INFORMATION PROVIDED:

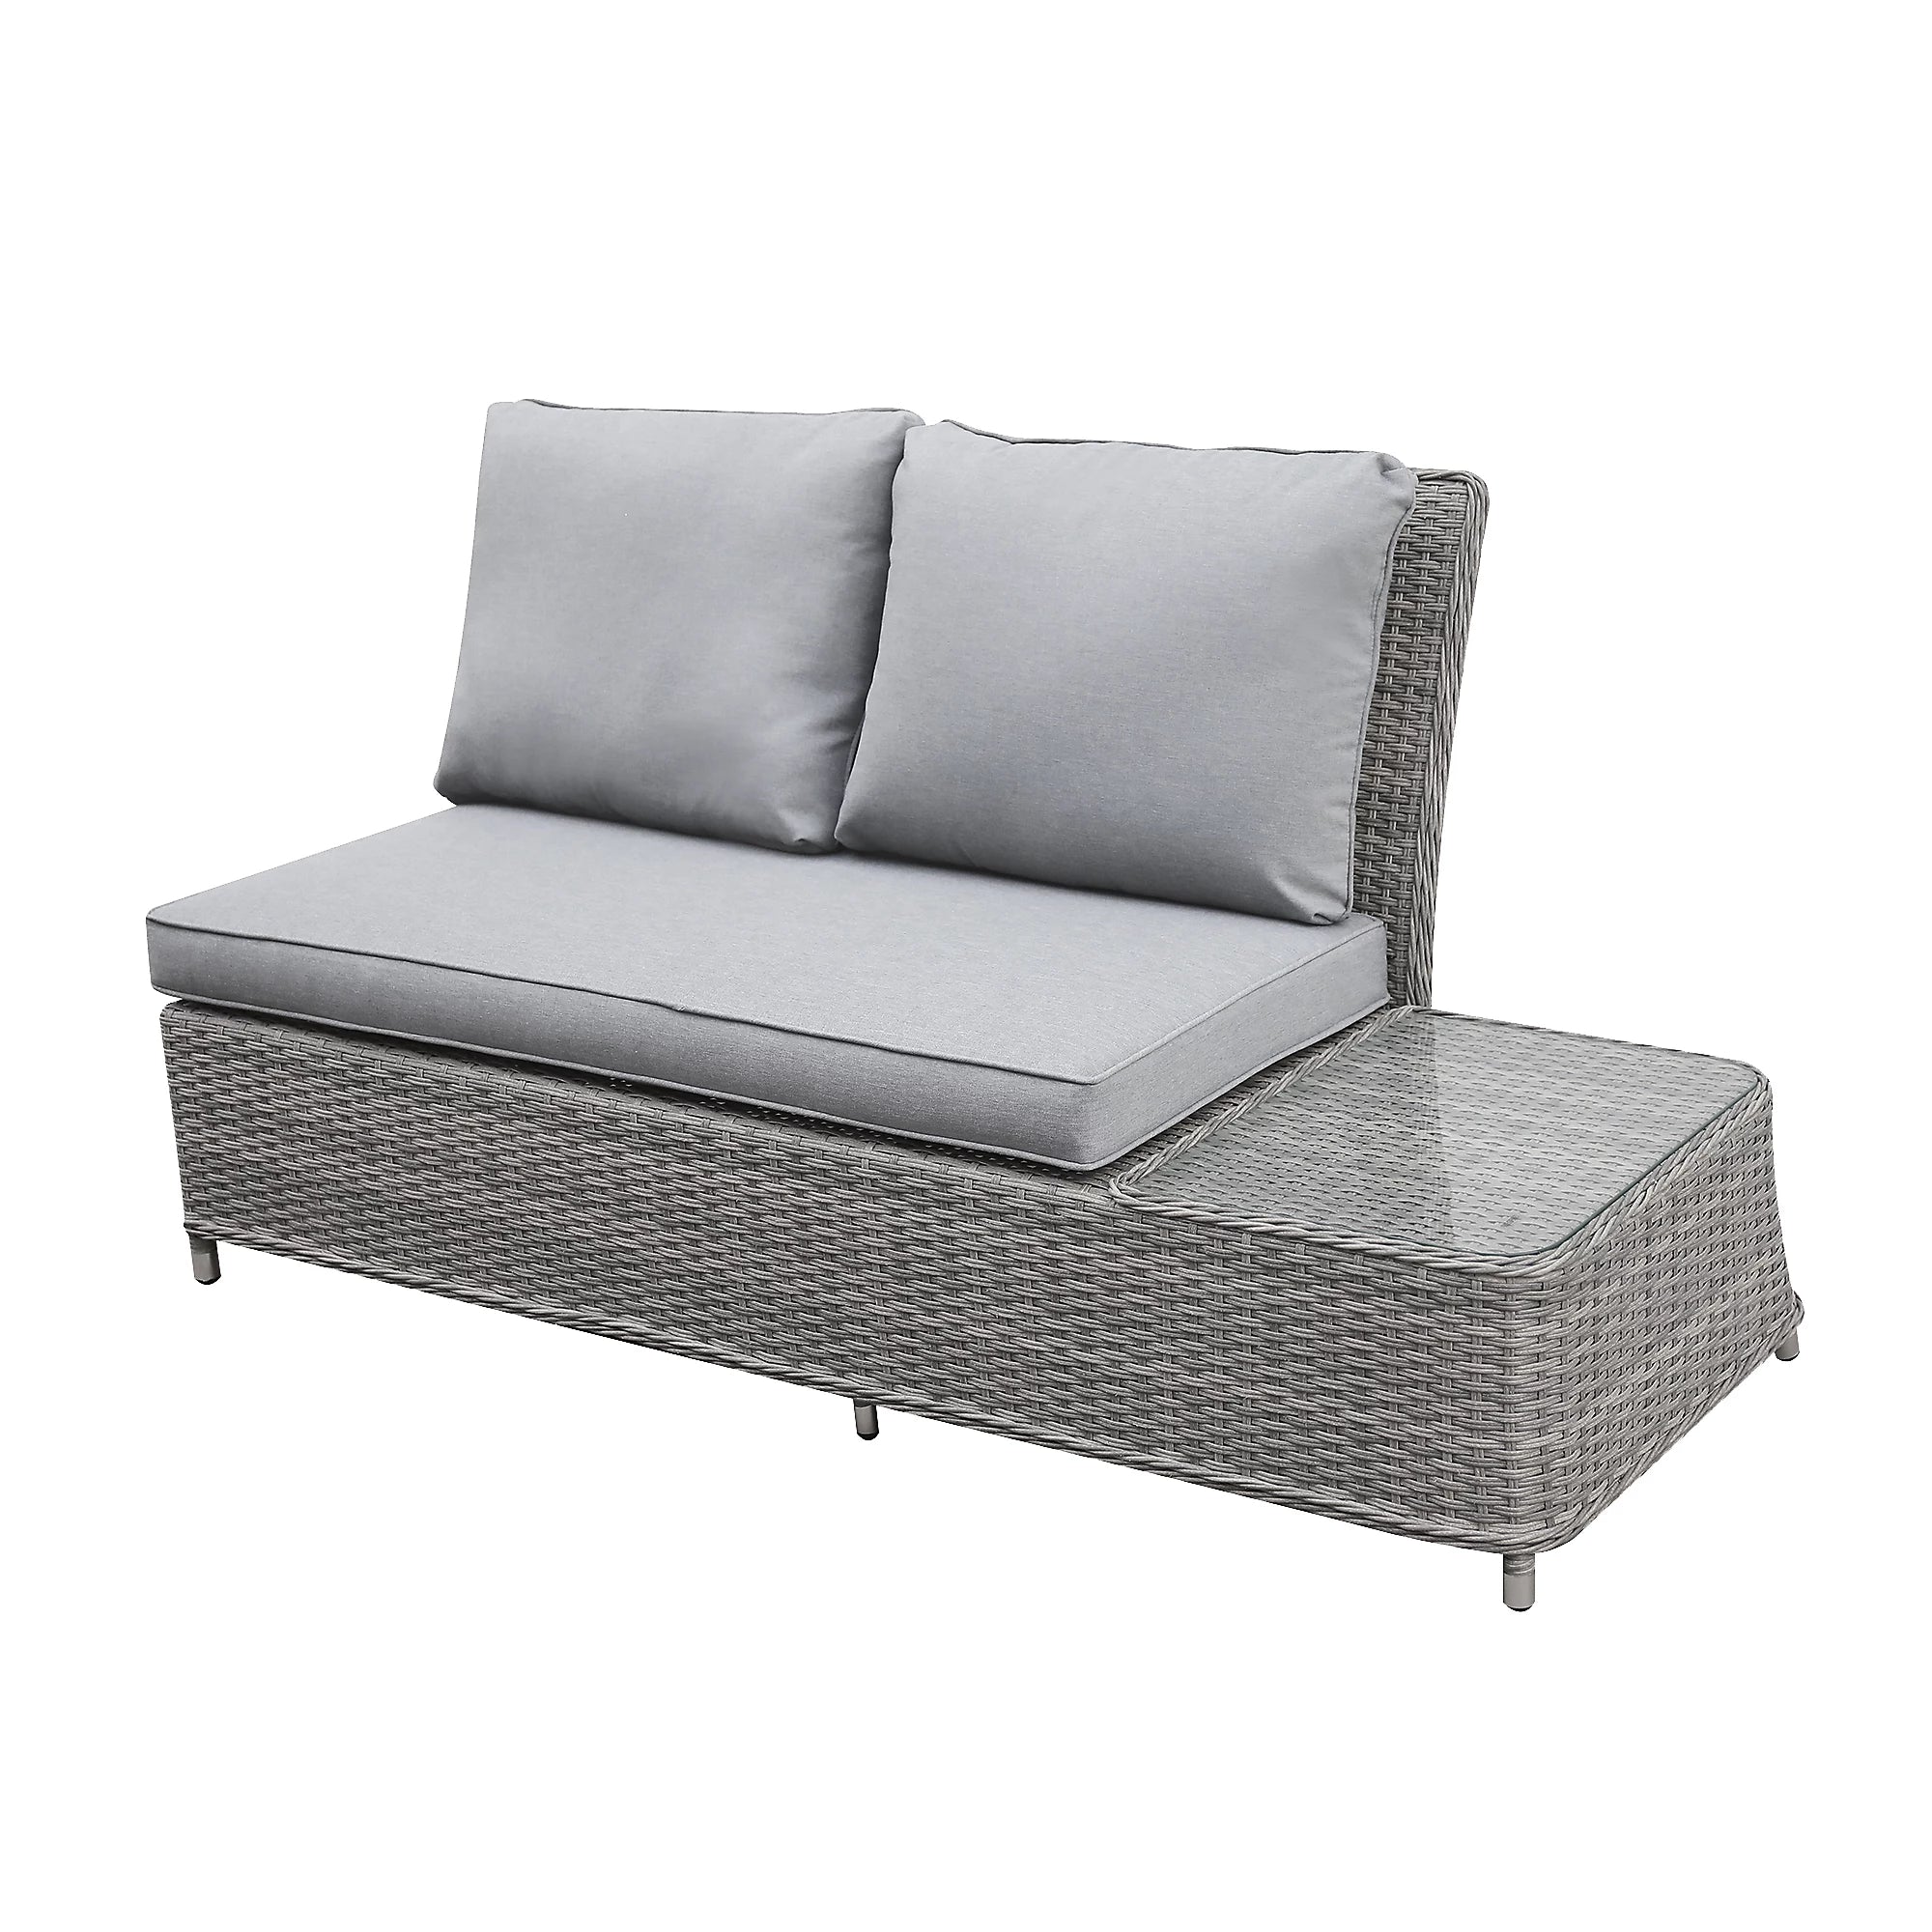 GoodHome Hamilton Steeple grey Rattan effect 5 Seater Coffee set - Rattan Garden Furniture 2619
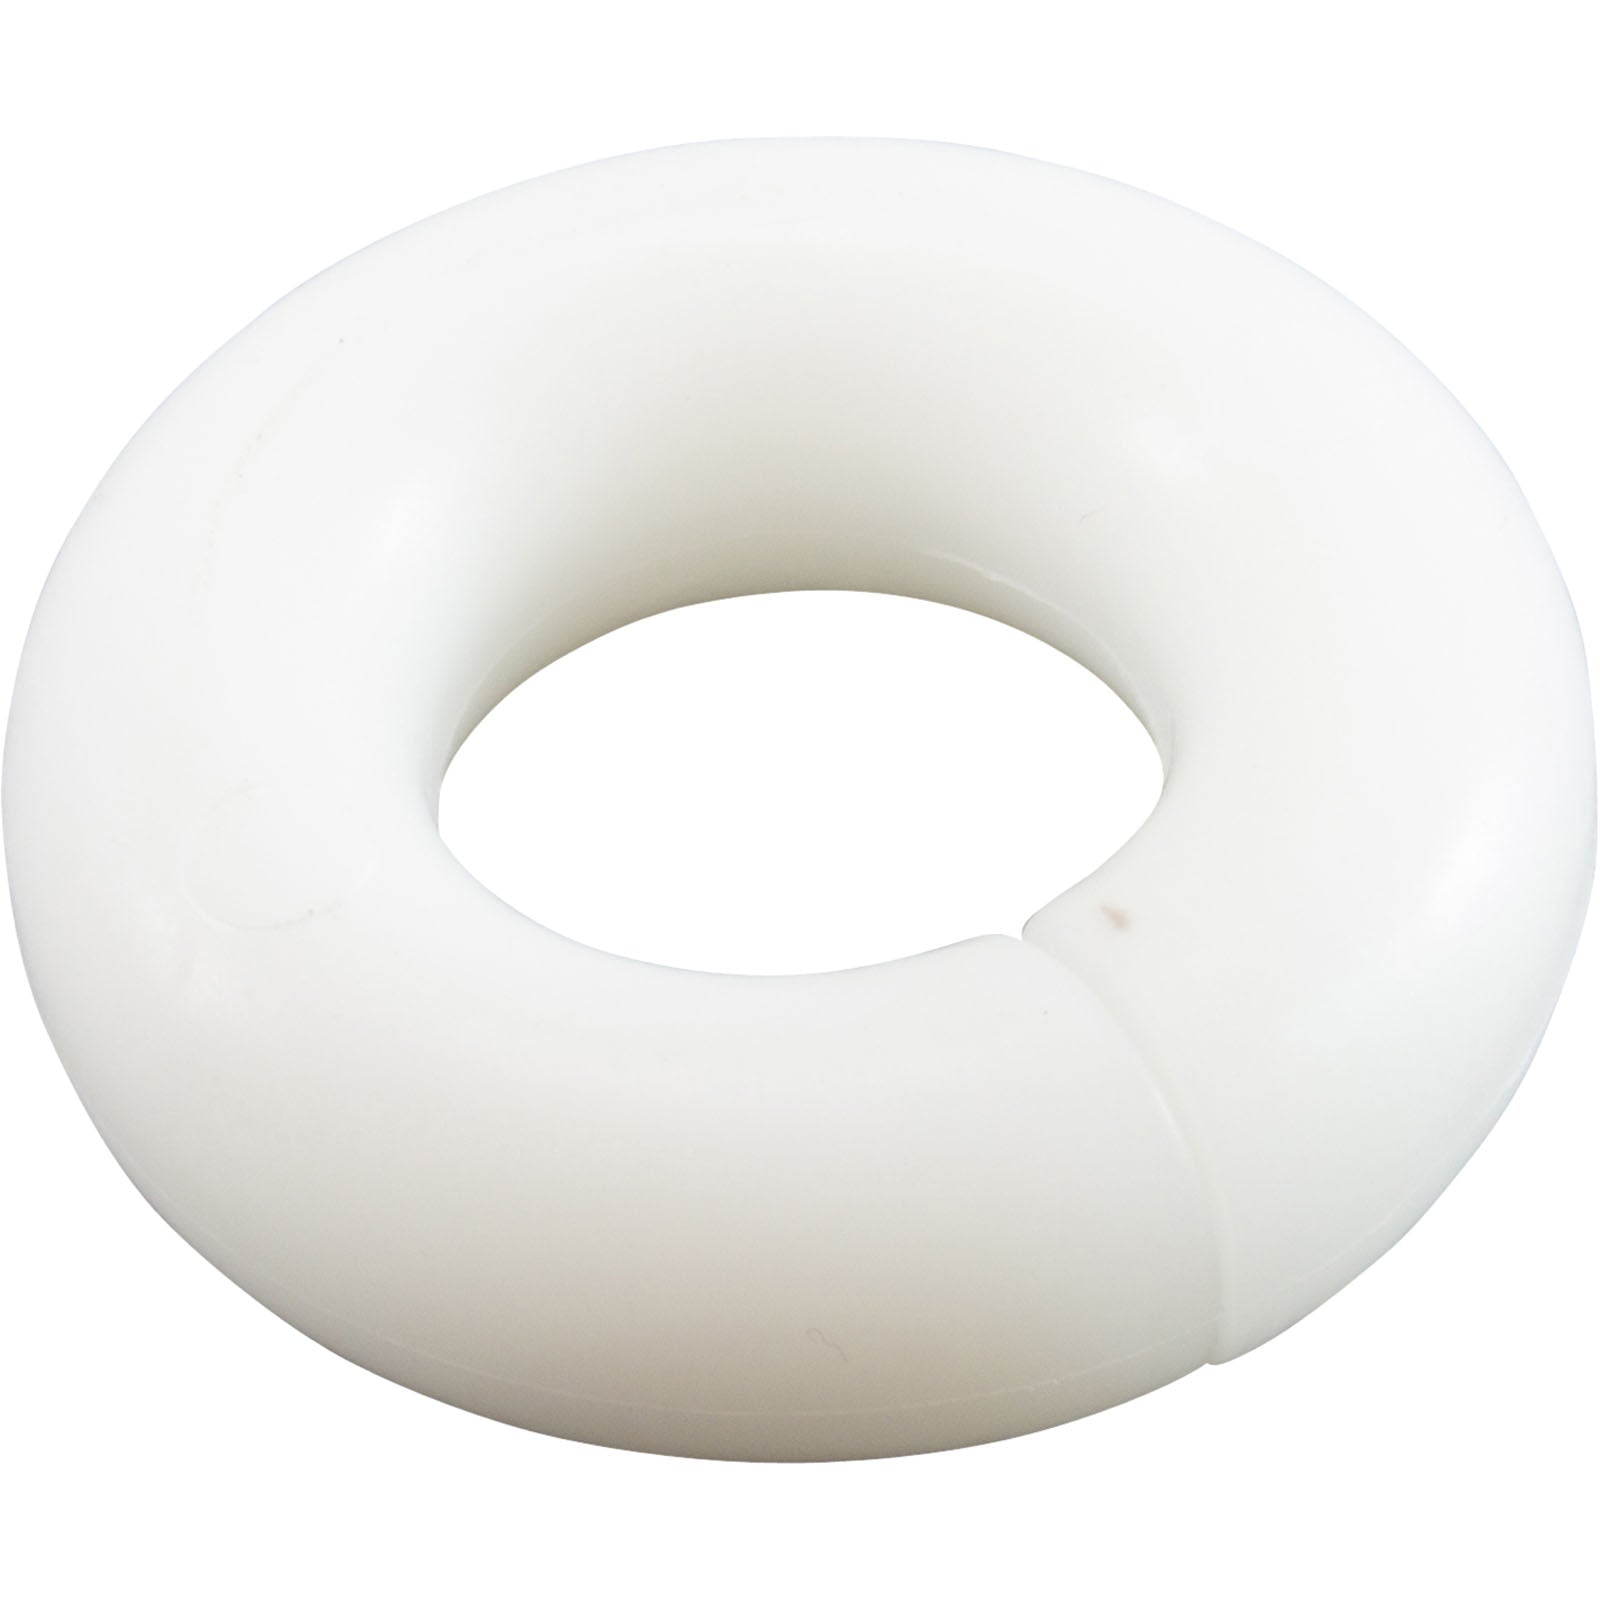 Sweep Hose Wear Ring, White, Generic B10, 25563-010-000
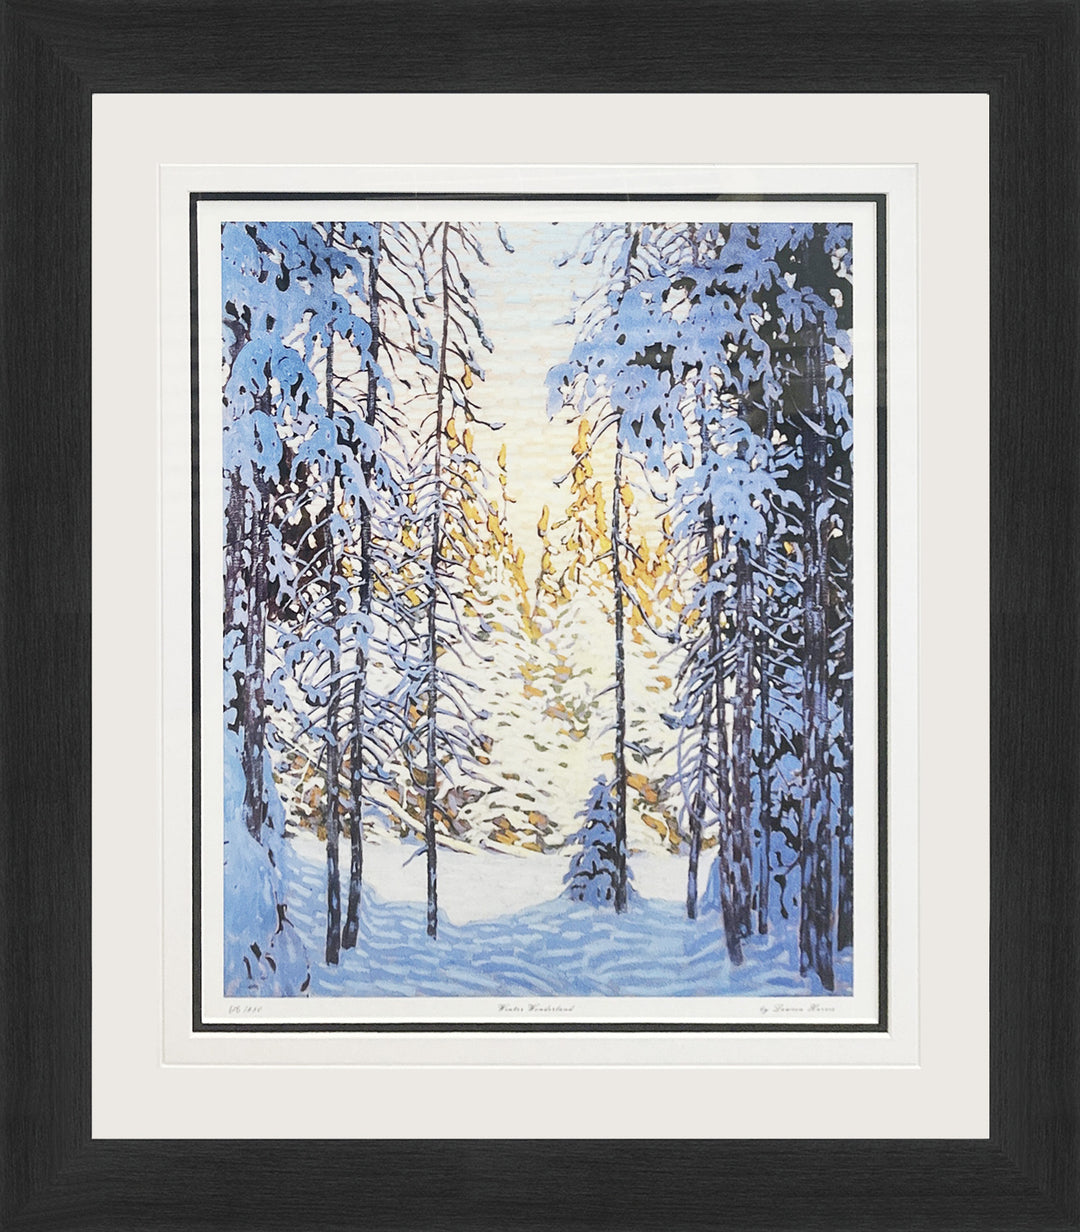 Lawren Harris "Winter Wonderland" Group Of Seven Art Print Framed Ltd Ed, Group of Seven Canadian Artists, Canadian Art, Art, Collectibile Memorabilia, AAAPA32924

TASK TO COMPLETE:
For this exercise, transcribe the data exactly but without its pictures.

RESULT:
 GoodHome Hamilton Steeple grey Rattan effect 5 Seater Coffee set - Rattan Garden Furniture 2619
 Sweep Hose Wear Ring, White, Generic B10, 25563-010-000
 Lawren Harris "Winter Wonderland" Group Of Seven Art Print Framed Ltd Ed, Group of Seven Canadian Artists, Canadian Art, Art, Collectibile Memorabilia, AAAPA32924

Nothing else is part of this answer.